[Opening INPUT DATA section]

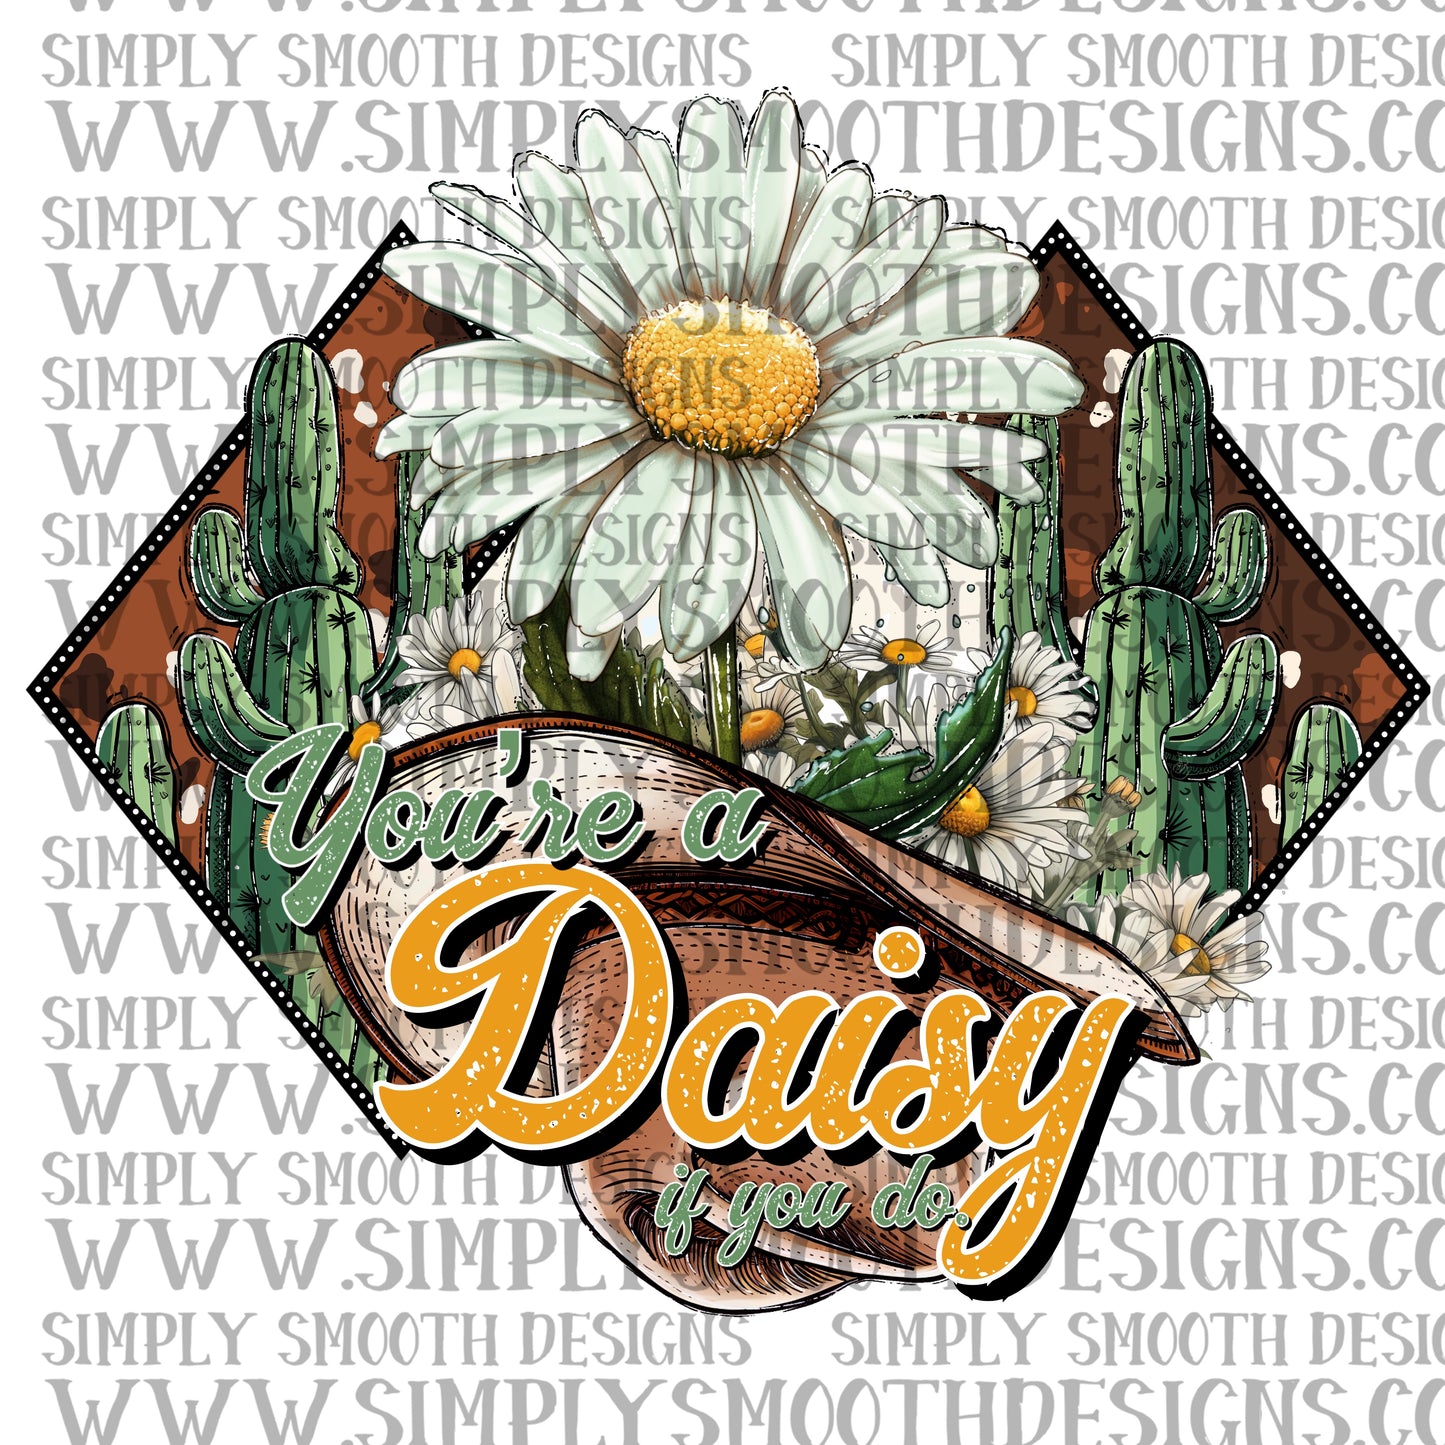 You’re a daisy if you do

[Closing INPUT DATA section]
[Opening INPUT DATA section]

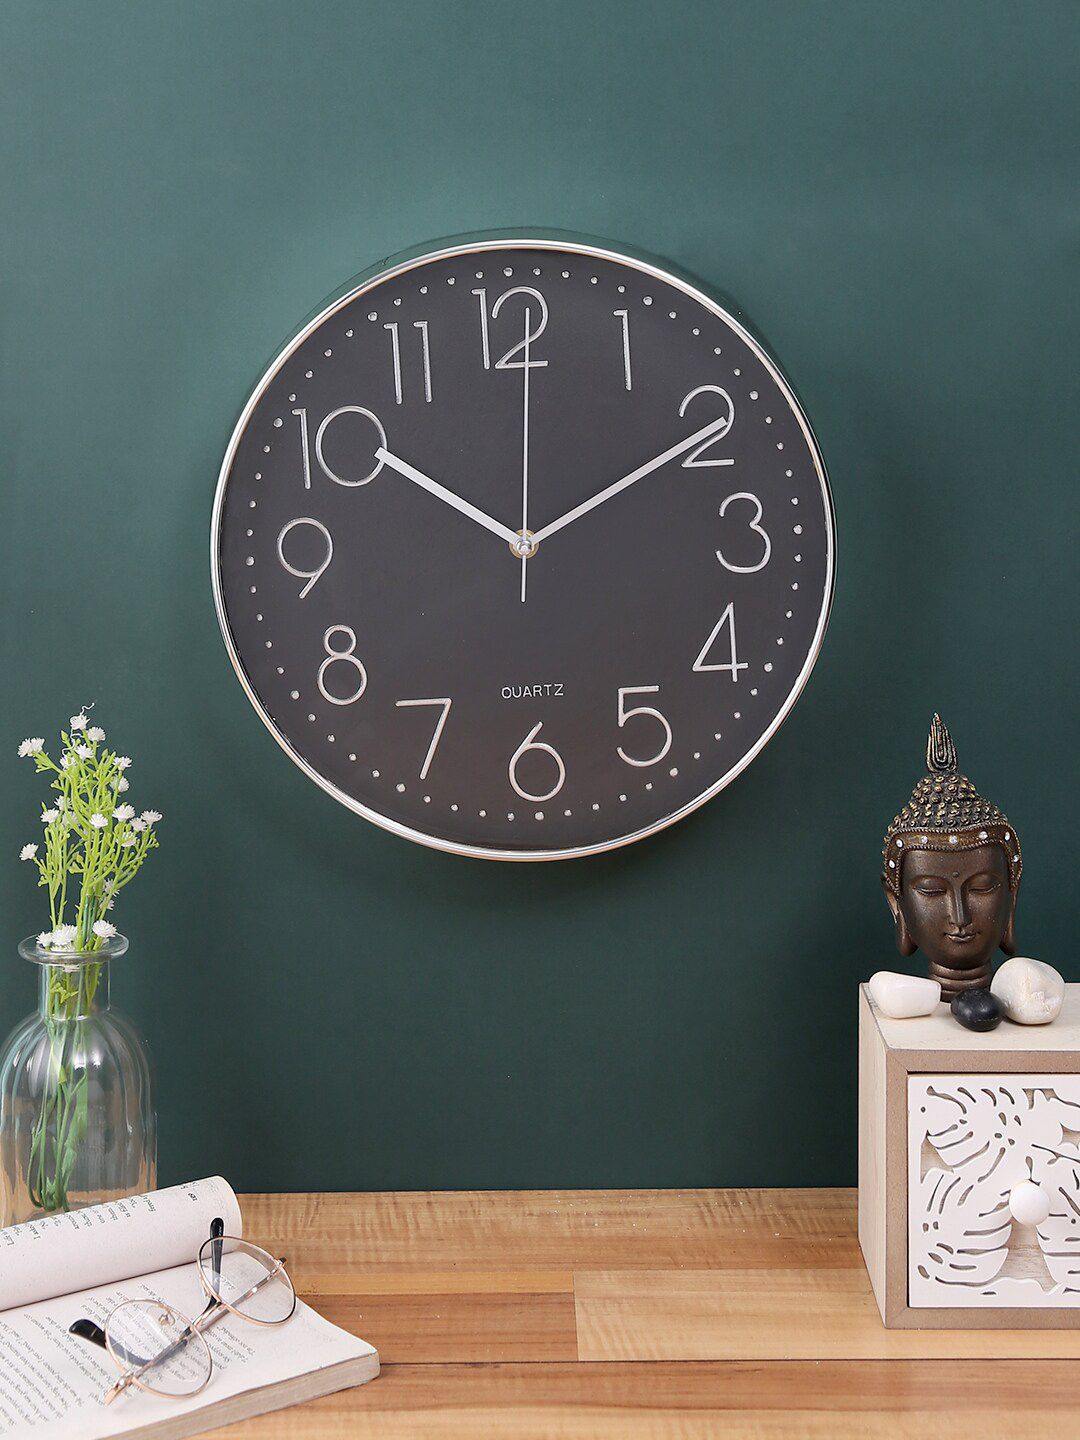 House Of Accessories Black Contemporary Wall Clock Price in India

[Closing INPUT DATA section]
[Opening INPUT DATA section]

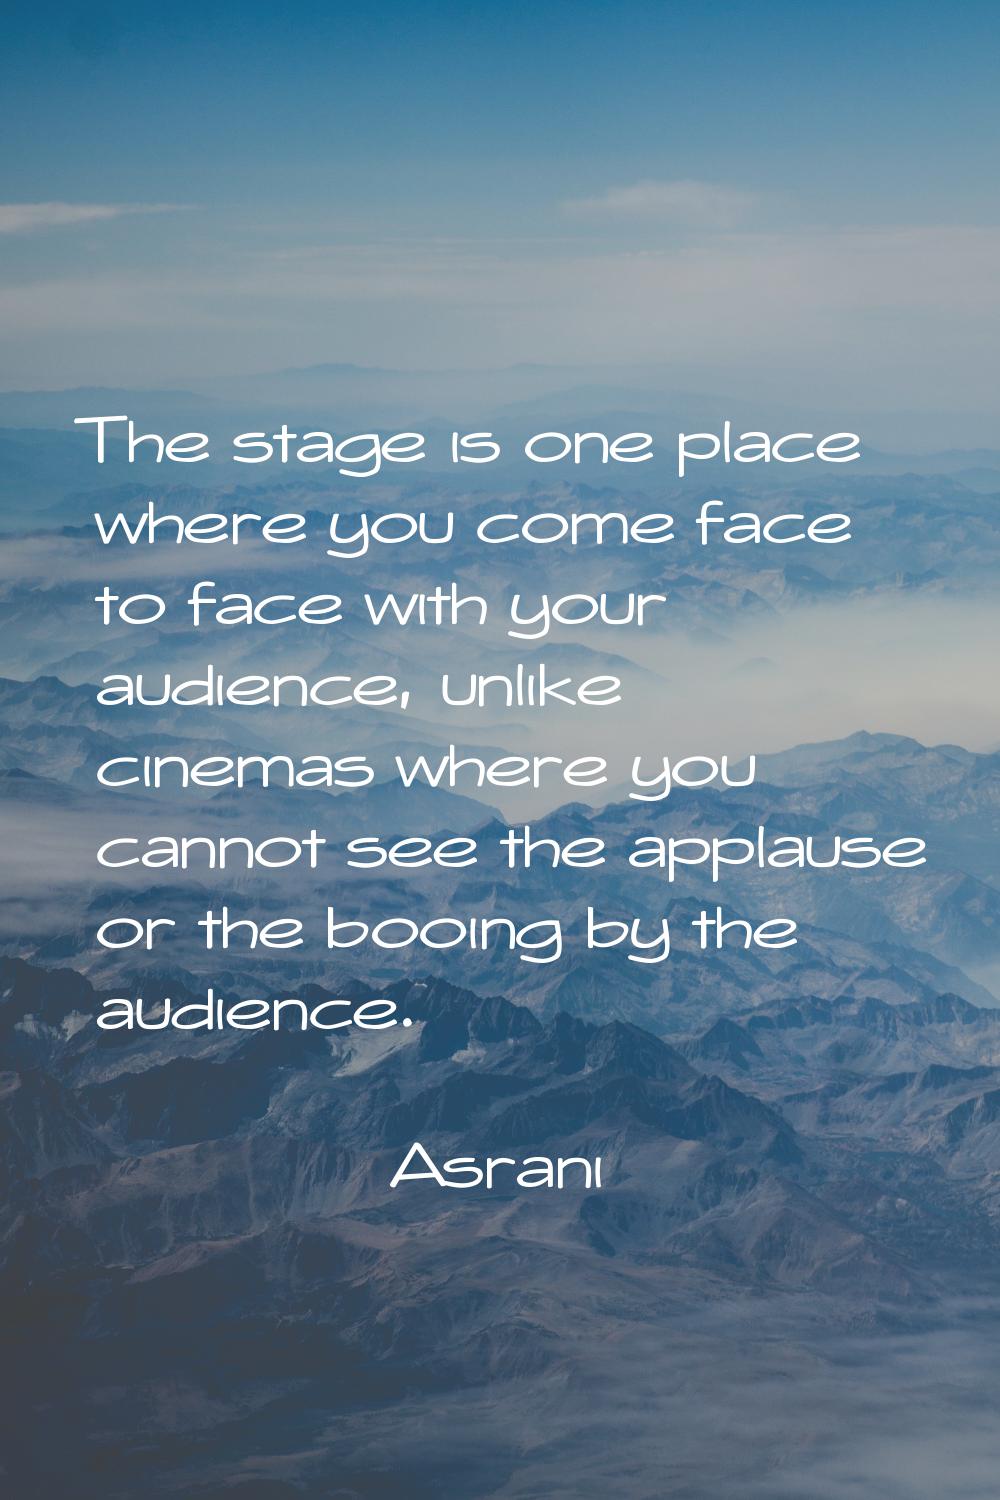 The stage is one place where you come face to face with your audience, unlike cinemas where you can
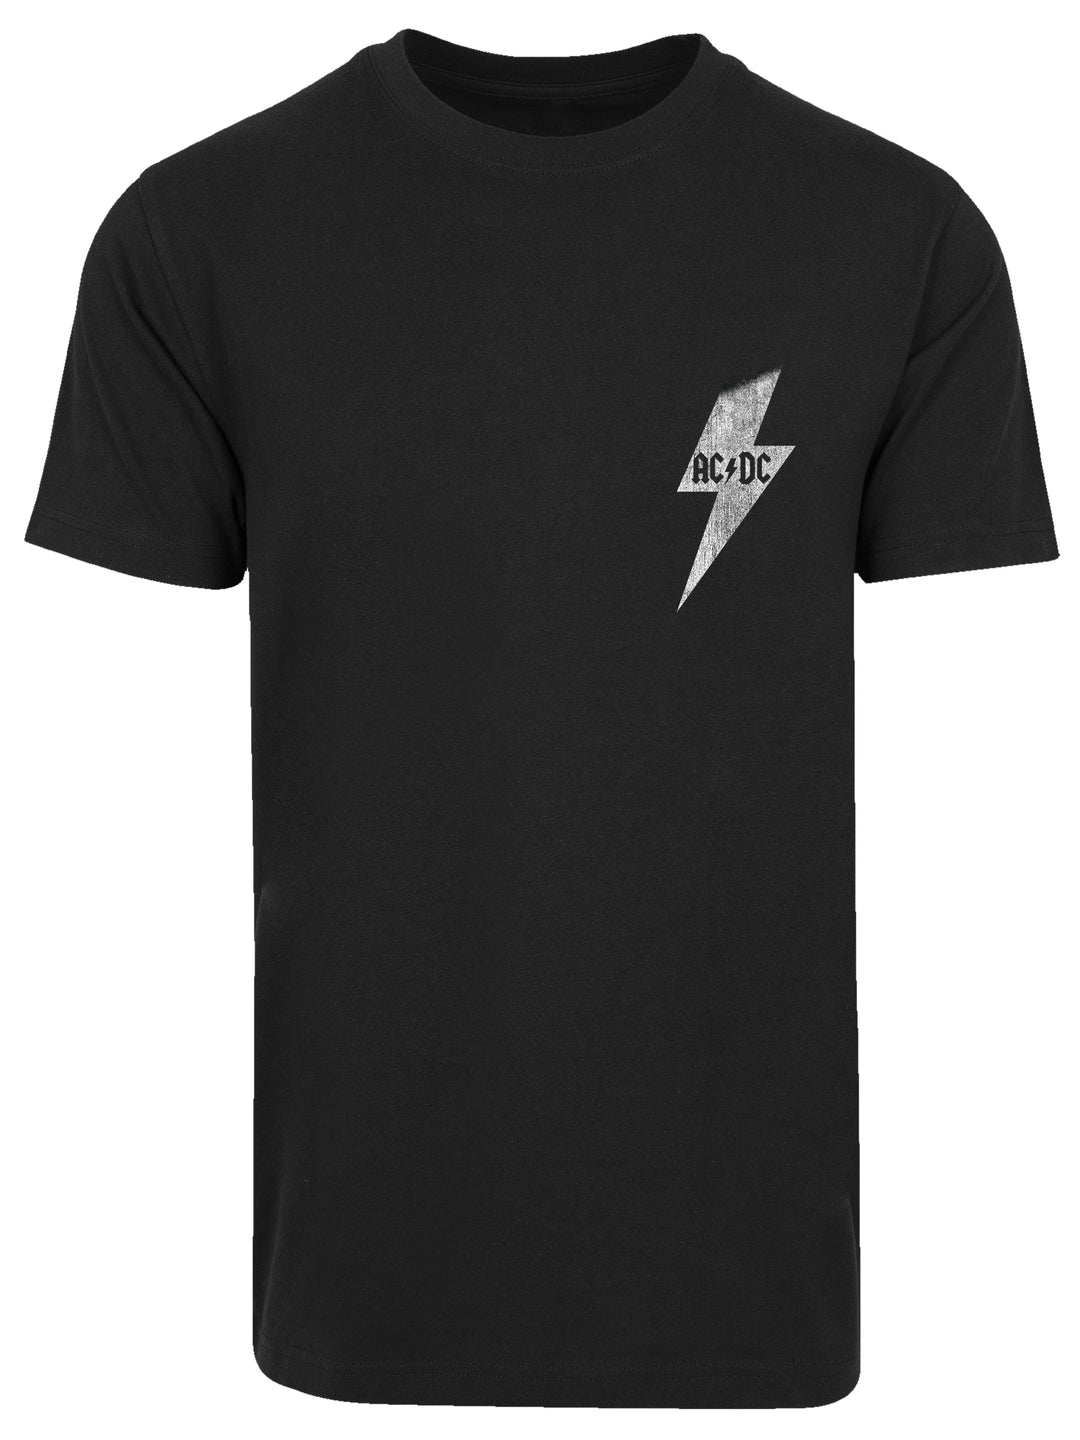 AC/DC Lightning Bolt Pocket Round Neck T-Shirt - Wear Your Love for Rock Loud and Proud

[Closing INPUT DATA section]

YOUR OBJECTIVE:
Reproduce, exactly and only, the lines of the records above starting at the line with "The stage is" and ending at the line with "AC/DC Lightning Bolt", both included. Leave every picture out.

FINAL ANSWER:
 The stage is one place where you come face to face with your audience, unlike cinemas where you can
 AC/DC Lightning Bolt Pocket Round Neck T-Shirt - Wear Your Love for Rock Loud and Proud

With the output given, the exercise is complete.